--- INPUT DATA ---
====

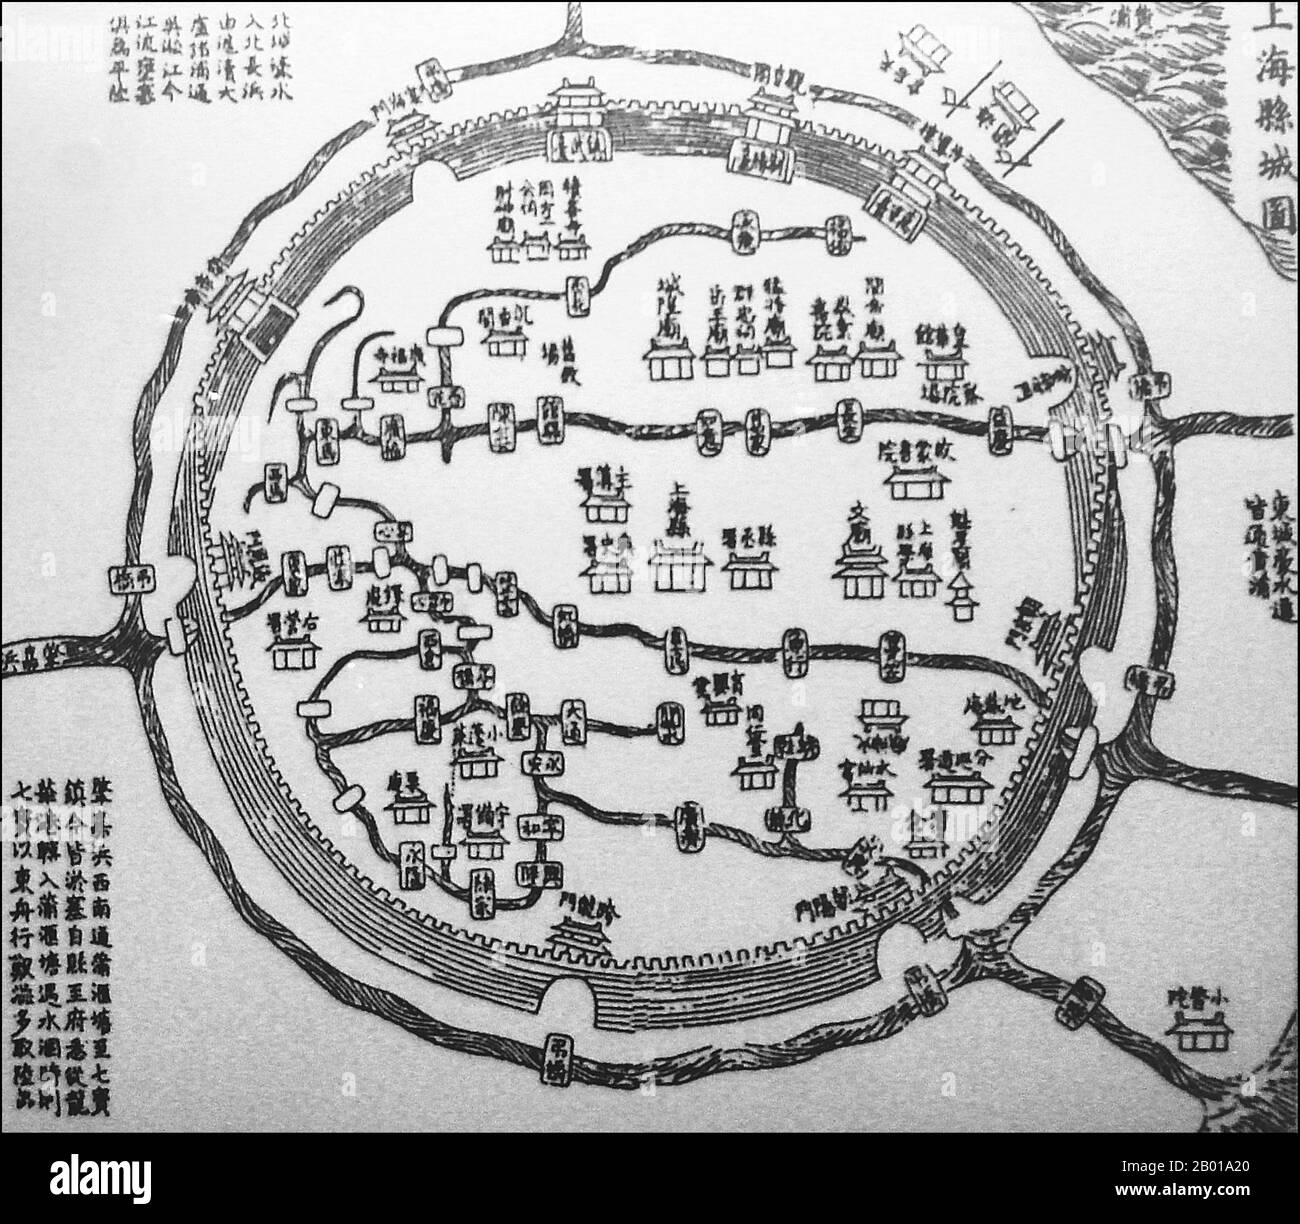 China: A Chinese map of the old city of Shanghai, 1553.  The Old City of Shanghai (Shànghăi Gùchéng) refers to the most ancient area of Shanghai, more often referred to simply as Nanshi, 'Southern City', as it lay to the south of the old International Settlements. It is circular in shape, and used to be surrounded by a defensive wall. Notable features include the City God Temple which is located in the center of the Old City and is connected to the Yuyuan Garden. Today, most of the walls have been replaced by broad circular avenues, the Renmin Lu to the North and Zhonghua Lu to the South. Stock Photo
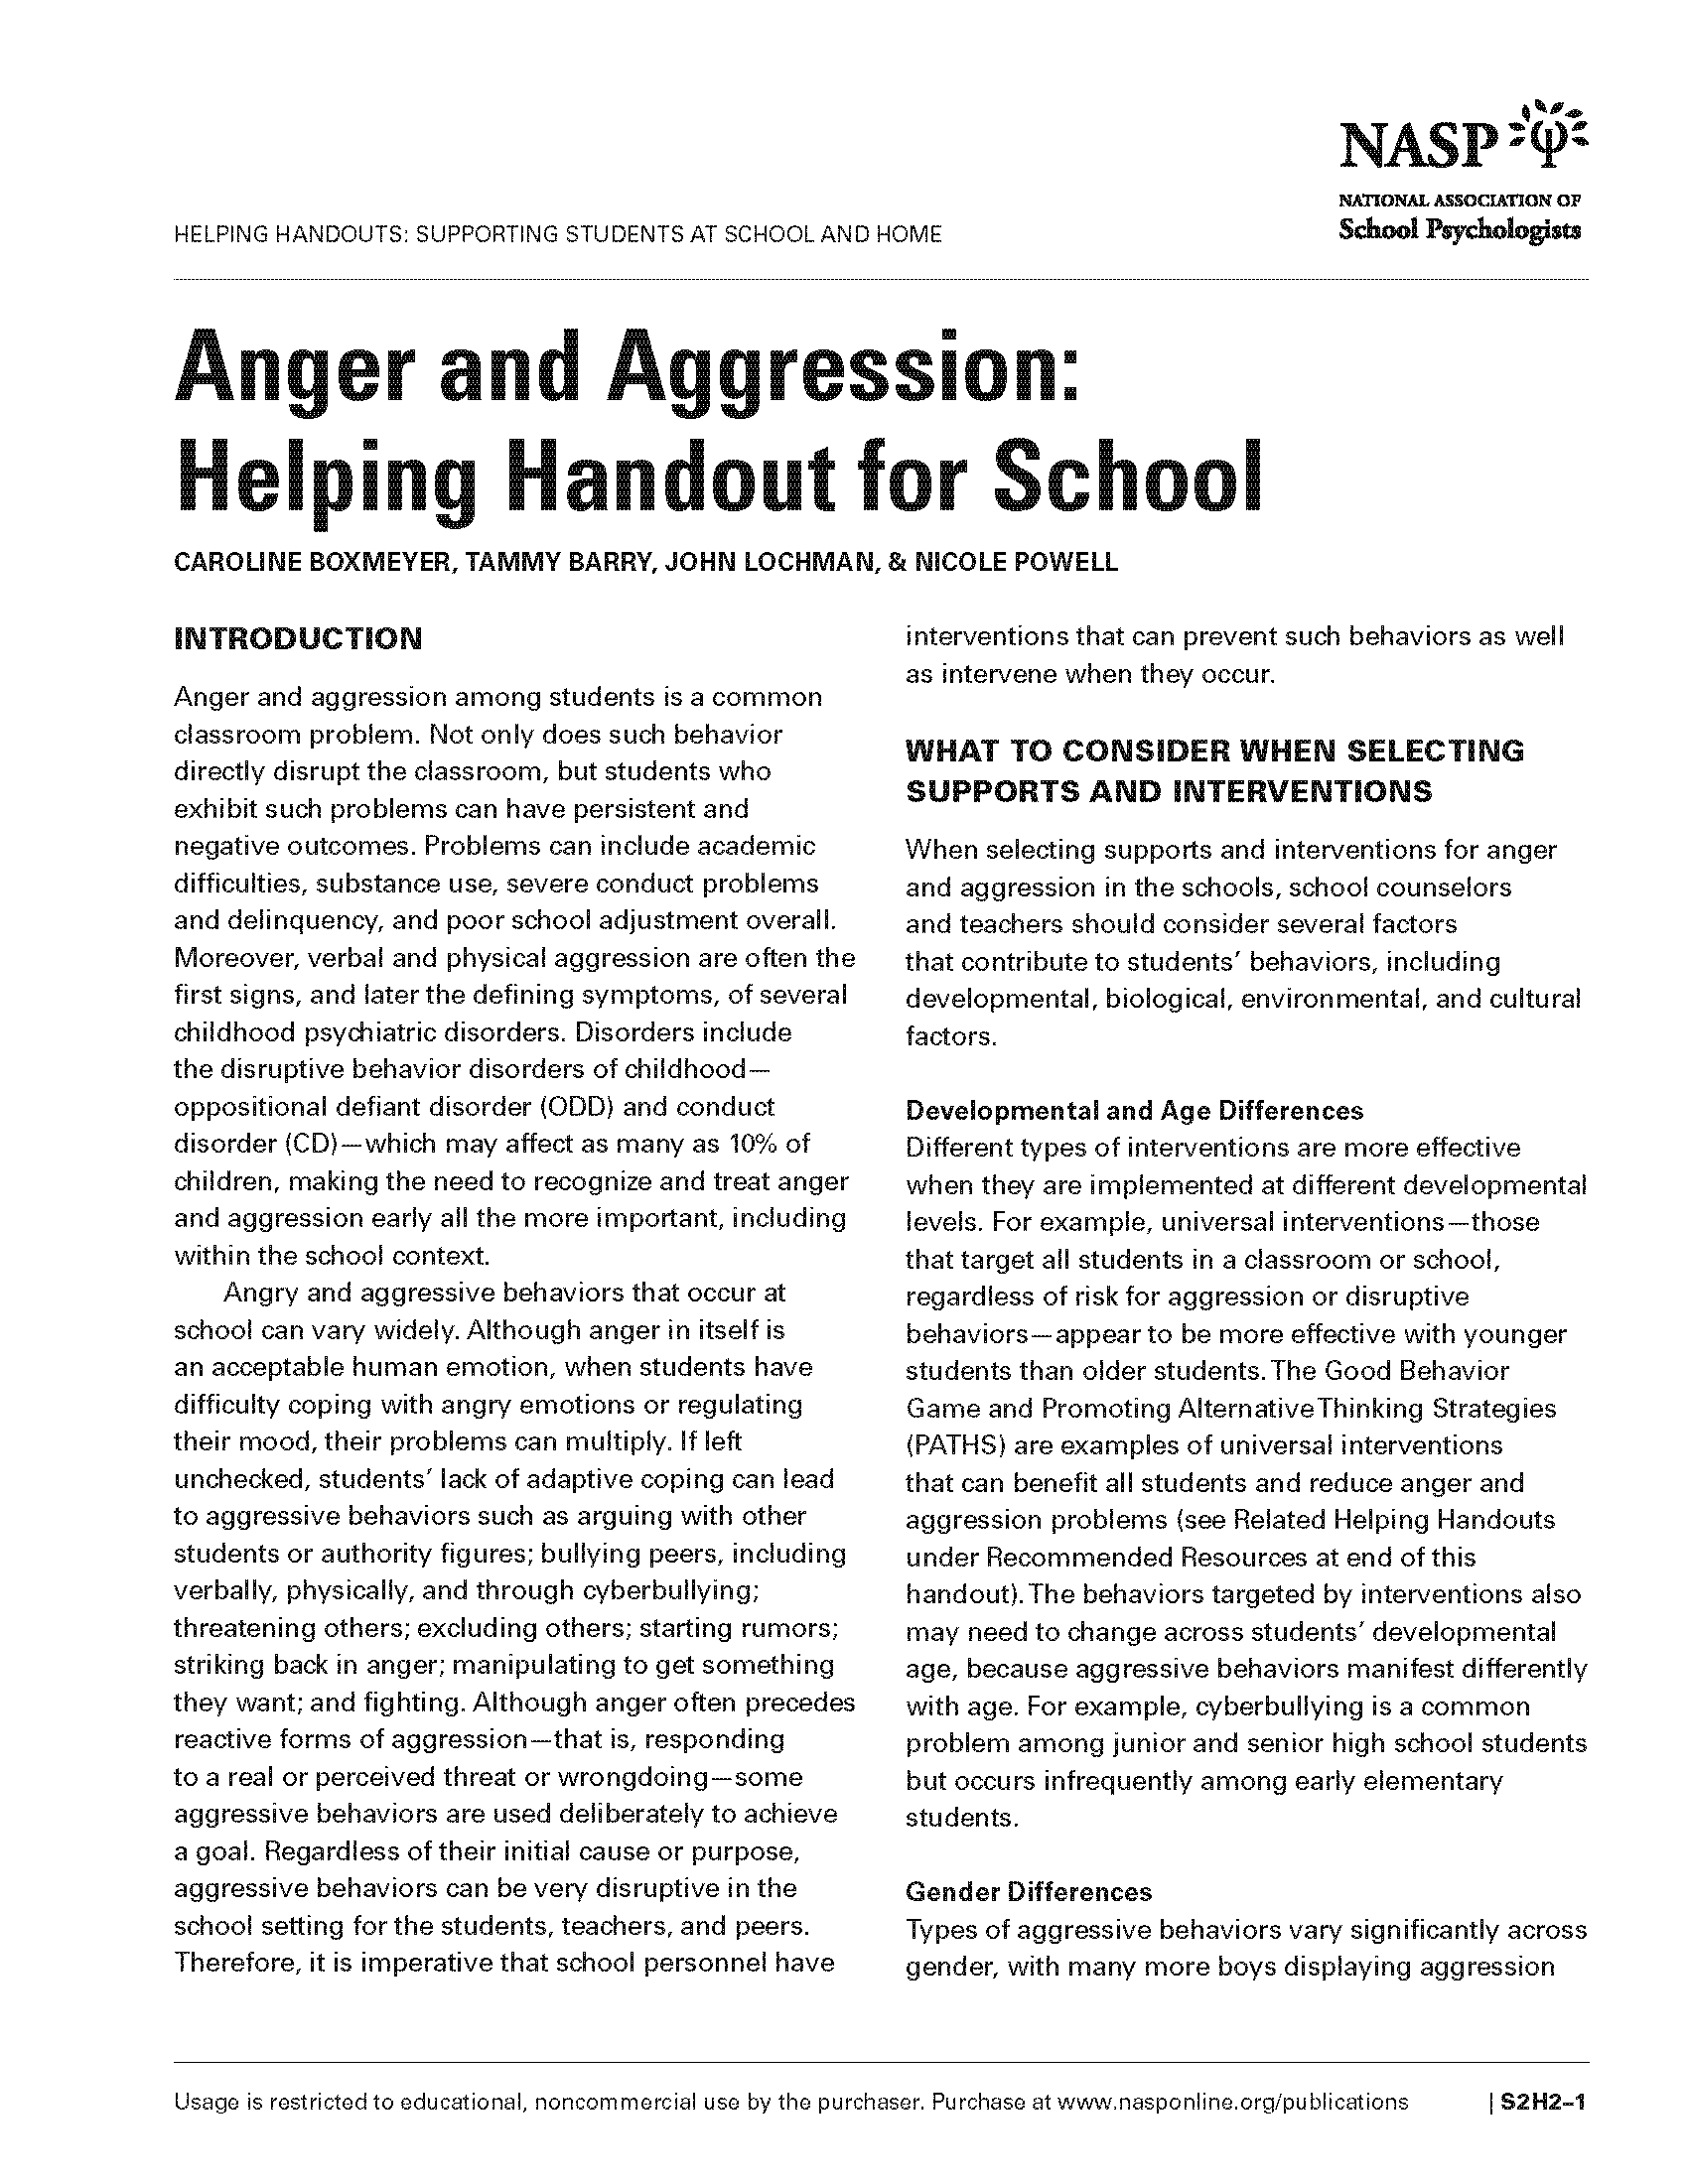 Anger and Aggression: Helping Handout for School
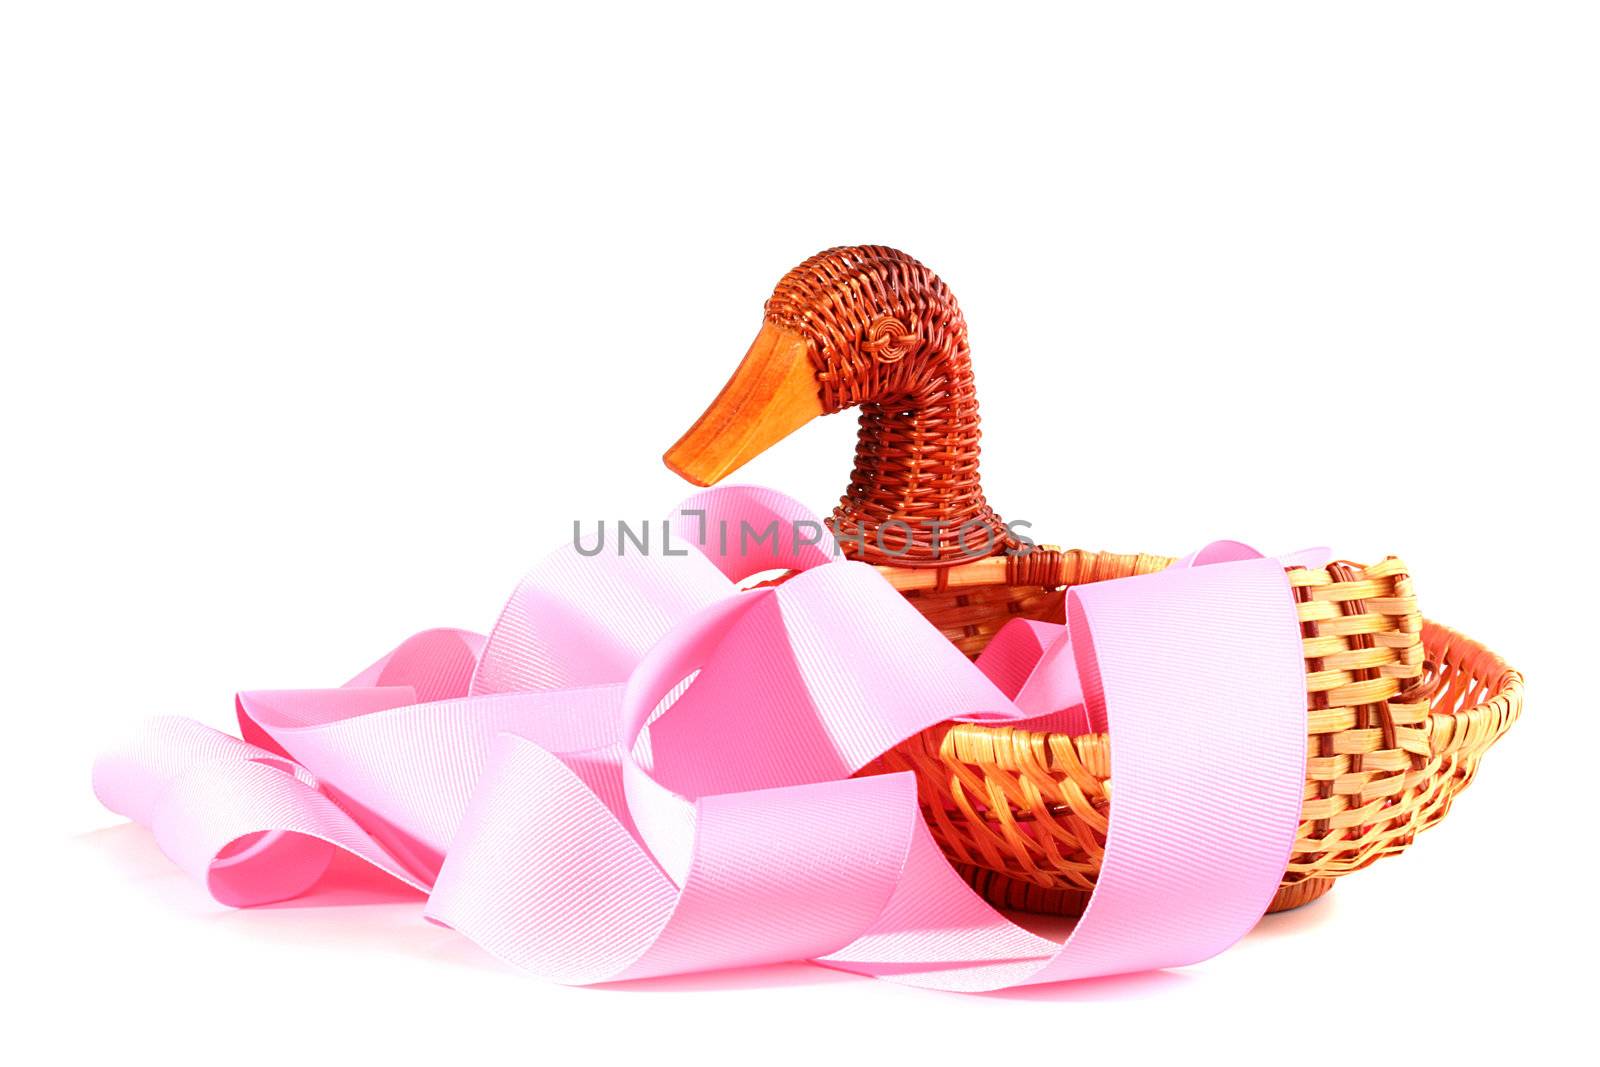 Decorative basket executed in the form of a duck with a pink celebratory tape.

====

--- WHAT IS EXPECTED ---
All of the lines above should be retyped precisely, apart from the pictures.

--- EXERCISE ANSWER ---
 China: A Chinese map of the old city of Shanghai, 1553.  The Old City of Shanghai (Shànghăi Gùchéng) refers to the most ancient area of Shanghai, more often referred to simply as Nanshi, 'Southern City', as it lay to the south of the old International Settlements. It is circular in shape, and used to be surrounded by a defensive wall. Notable features include the City God Temple which is located in the center of the Old City and is connected to the Yuyuan Garden. Today, most of the walls have been replaced by broad circular avenues, the Renmin Lu to the North and Zhonghua Lu to the South. Stock Photo
 Anger and Aggression: Helping Handout for School
 Decorative basket executed in the form of a duck with a pink celebratory tape.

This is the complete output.